期刊介绍： Biotechnology Letters is the world’s leading rapid-publication primary journal dedicated to biotechnology as a whole – that is to topics relating to actual or potential applications of biological reactions affected by microbial, plant or animal cells and biocatalysts derived from them. All relevant aspects of molecular biology, genetics and cell biochemistry, of process and reactor design, of pre- and post-treatment steps, and of manufacturing or service operations are therefore included. Contributions from industrial and academic laboratories are equally welcome. We also welcome contributions covering biotechnological aspects of regenerative medicine and biomaterials and also cancer biotechnology. Criteria for the acceptance of papers relate to our aim of publishing useful and informative results that will be of value to other workers in related fields. The emphasis is very much on novelty and immediacy in order to justify rapid publication of authors’ results.

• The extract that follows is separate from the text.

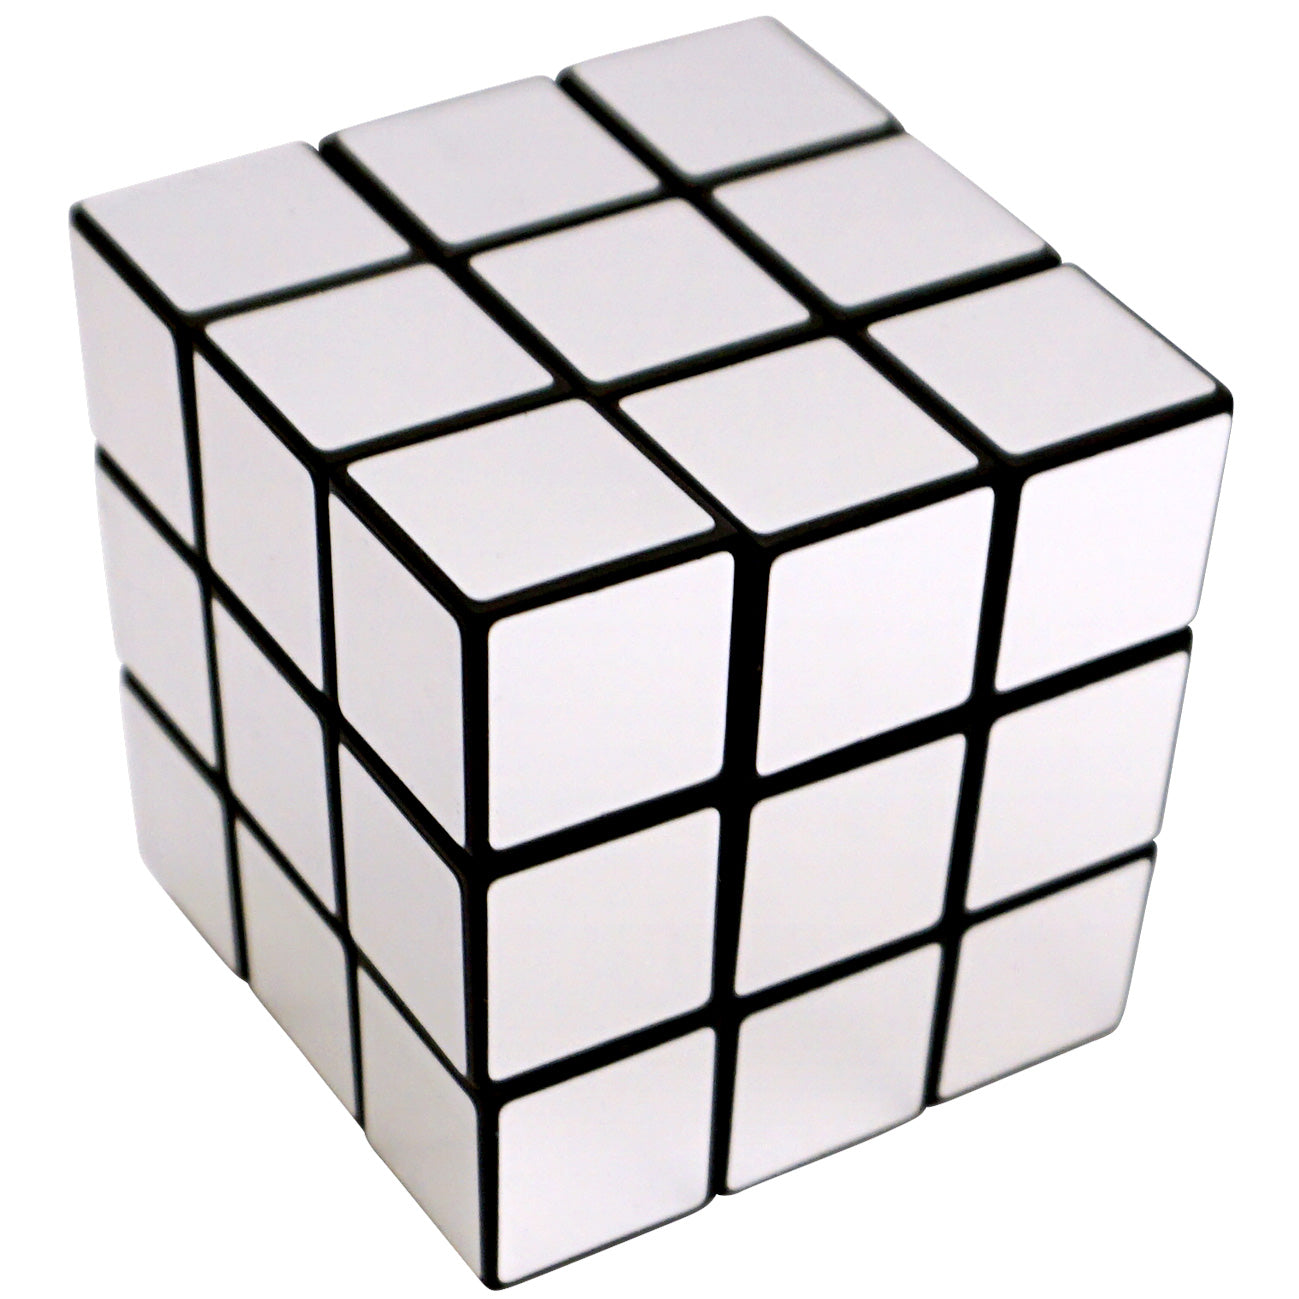 Idiot's Cube Puzzle Display

It should be noted, however, that we do not normally publish papers (but this is not absolute) that deal with unidentified consortia of microorganisms (e.g. as in activated sludge) as these results may not be easily reproducible in other laboratories. Papers describing the isolation and identification of microorganisms are not regarded as appropriate but such information can be appended as supporting information to a paper. Papers dealing with simple process development are usually considered to lack sufficient novelty or interest to warrant publication.